I feel emotion rush me—the intimacy, the awkwardness. I want to revolt against it, but I don’t. It takes an awful toll on a person to fight down everything they’re feeling. Elgin tried to tell me that once. The bitch.
“I heard about your prognosis…”
“I’m okay with it,” I say quickly. “It just … is.”
He looks like he has a million things to say, and he can’t.
“I wanted to come see you, Senna. I just didn’t know how.”
“You didn’t know how to come see me?” I ask, partially amused.
He looks at my eyes, in them. So sadly.
“It’s okay,” I say, slowly. “I get it.”
“What do we do now?” he asks. I don’t know if he’s asking how we are supposed to live, or how we are supposed to finish this conversation. I don’t ever know what to do.
“We live then we leave,” I say. “Do the best we can.”
He runs his tongue along the inside of his bottom lip. It puffs out and settles back down. It reminds me of when you’re baking a cake and you open the oven too early. I toy with the jagged edges of my hair, glancing up at him every so often.
“Are things good? With you and Daphne?” I have no right to ask him, none at all.
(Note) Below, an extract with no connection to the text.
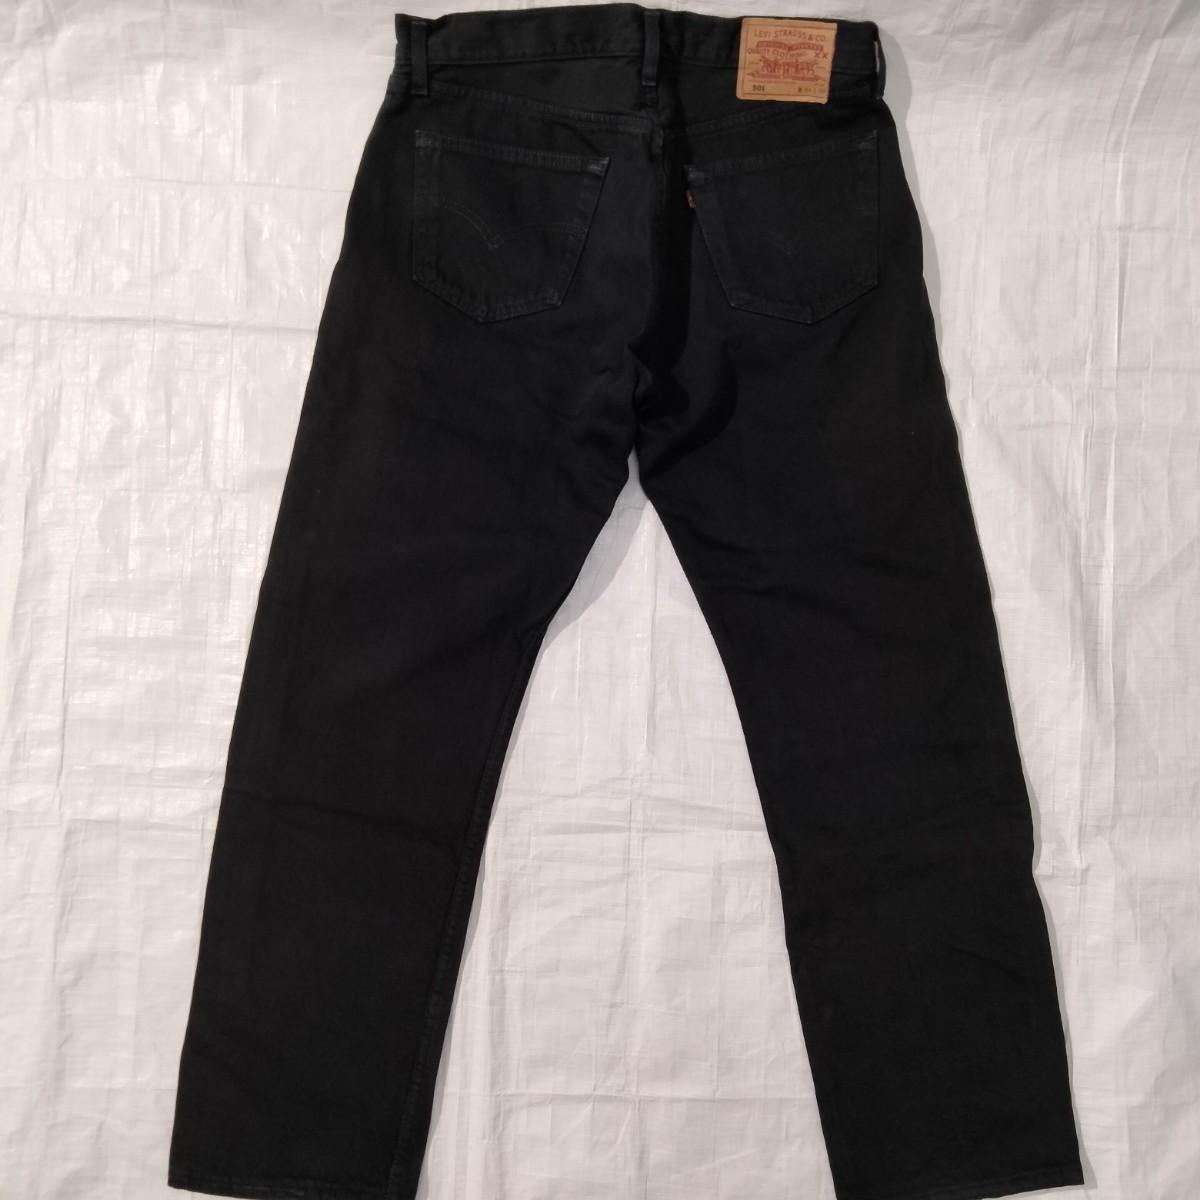 リーバイス 501 0165 Levi's black denim jeans ブラック デニム ジーンズ UK 英国製 34x30 スーパーブラック ジェットブラック 後染 黒 の画像3
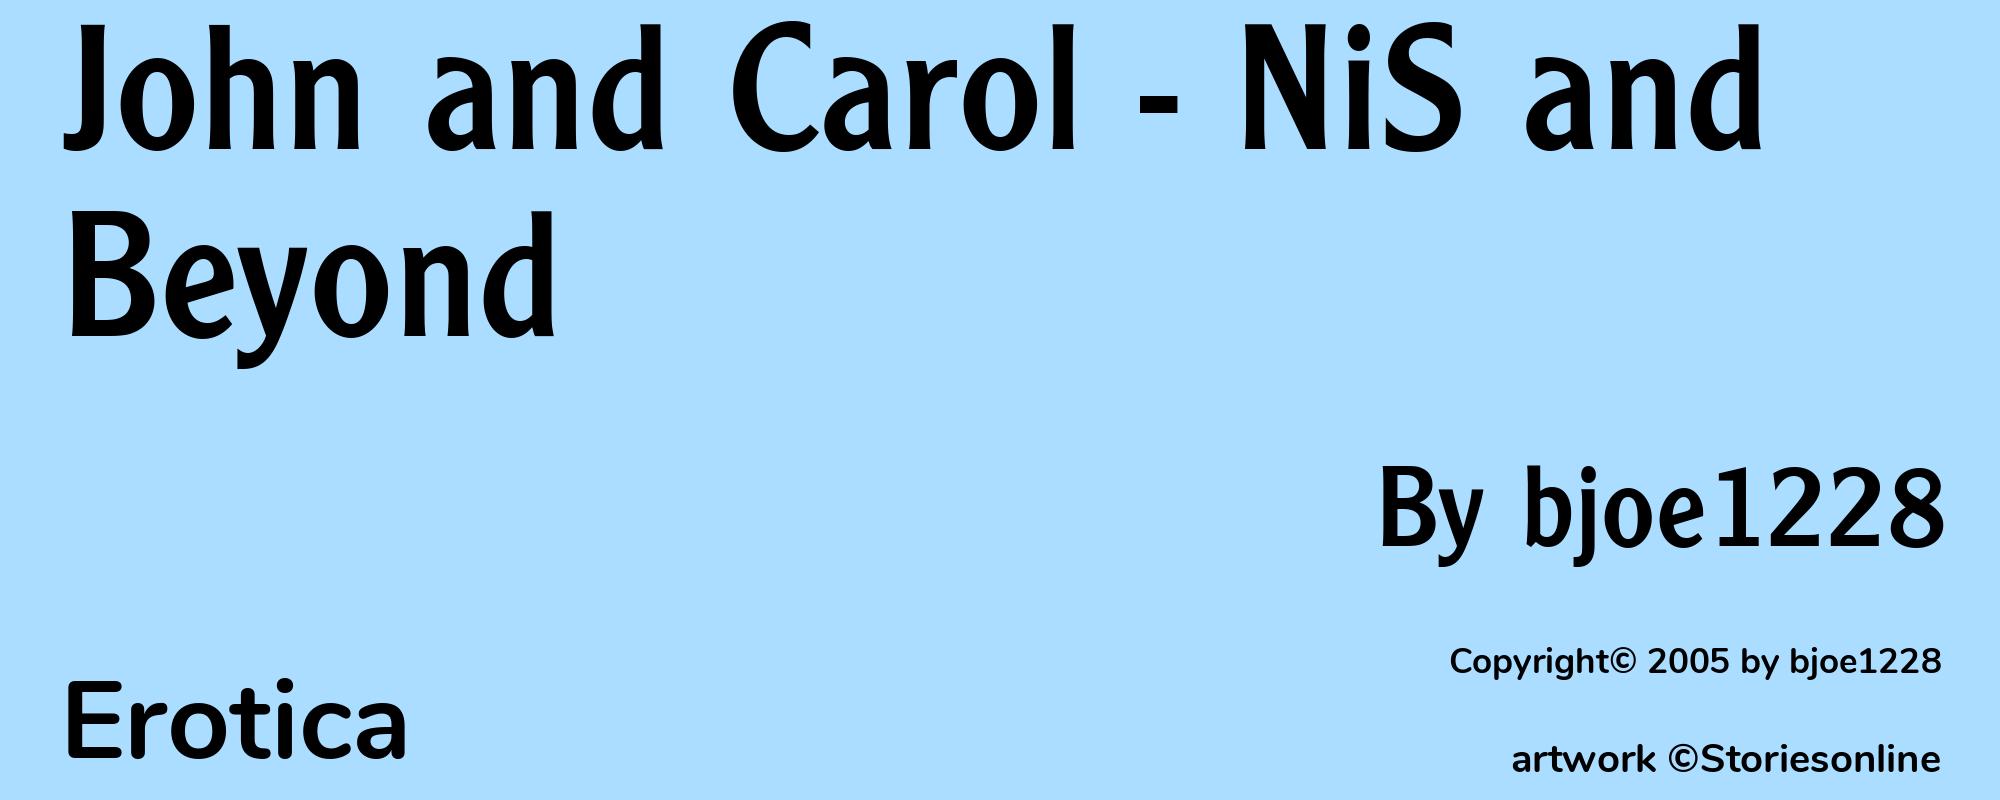 John and Carol - NiS and Beyond - Cover

Especially considering that everything Elgin did was because of me.
“No,” he says. “How can they be?” He shakes his head. “She has been supportive. I can’t complain there, but it was like they gave me a month and then they wanted the old me back. They being my family,” he tells me. “But I don’t know how to be him. I’m different.”
Isaac was always so honest with his emotions. I wish I could be like that. I feel as if I need to say something.
“I don’t have anyone to disappoint,” I confess. “I don’t know if that makes it easier or harder.”
He looks startled. His black scrubs wrinkle as he leans toward me. “You’re loved,” he says.
Love is a possession; it’s something that you own from the layers of people in your life. But if my life were a cake it would be un-layered, unbaked, missing ingredients. I isolated myself too soundly to own anyone’s love.
“I love you,” says Isaac. “From the moment you ran out of the woods, I’ve loved you.”
I don’t believe him. He’s a nurturer by profession and by person. He saw something broken and needed to heal it. He loves the process.
As if reading my thoughts he says, “You have to believe someone sometime, Senna. When they tell you that. Otherwise you’ll never know what it feels like to be loved. And that’s a sad thing.”
“How do you know?” I ask, brimming with anger. “It’s a big deal to say those words. How do you know that you love me?”
He pauses for a long time. Then he says, “I was offered a way out.”
“A way out? A way out of what?” But I spit that out too soon. It’s like a stone that drops between us. I wait for the thud, but it never comes because my brain loses its footing and the room tips and turns.
“What do you mean?”
“On the morning after we opened the door, I found a note in the shed with sleeping pills and a syringe. It said that I could leave. All I had to do was put you to sleep, inject myself, and I would wake up at home. The stipulations were that I could never talk about you. Not to police, not to anyone. I had to tell them that I had an emotional breakdown and ran away. If I told anyone about you, she said she would kill you. If I left you there, I could go home. I threw them over the side of the cliff.”
“Oh my God.”
I stand but my legs can’t hold me. I sit again, burying my face in my hands. Saphira, what have you done?
When I look up, my soul is in my face, twisting my features. It’s angry and sad.
“Isaac. Why would you do that?” My voice cracks. I know why Saphira did it. She knew he wouldn’t leave me. She knew eventually he would tell me, and that in telling me, I would see everything clearly. I would see…
“Because I love you.”
My face goes slack.
“I didn’t leave you because I couldn’t. I’ve never been able to.” There is a pause and then, “Not unless you make me go. And if I’d known you better back then, I wouldn’t have left you. I thought it was what you needed. But you didn’t know yourself. I knew you. You needed me, and I let you push me out. And for that I’m very sorry.”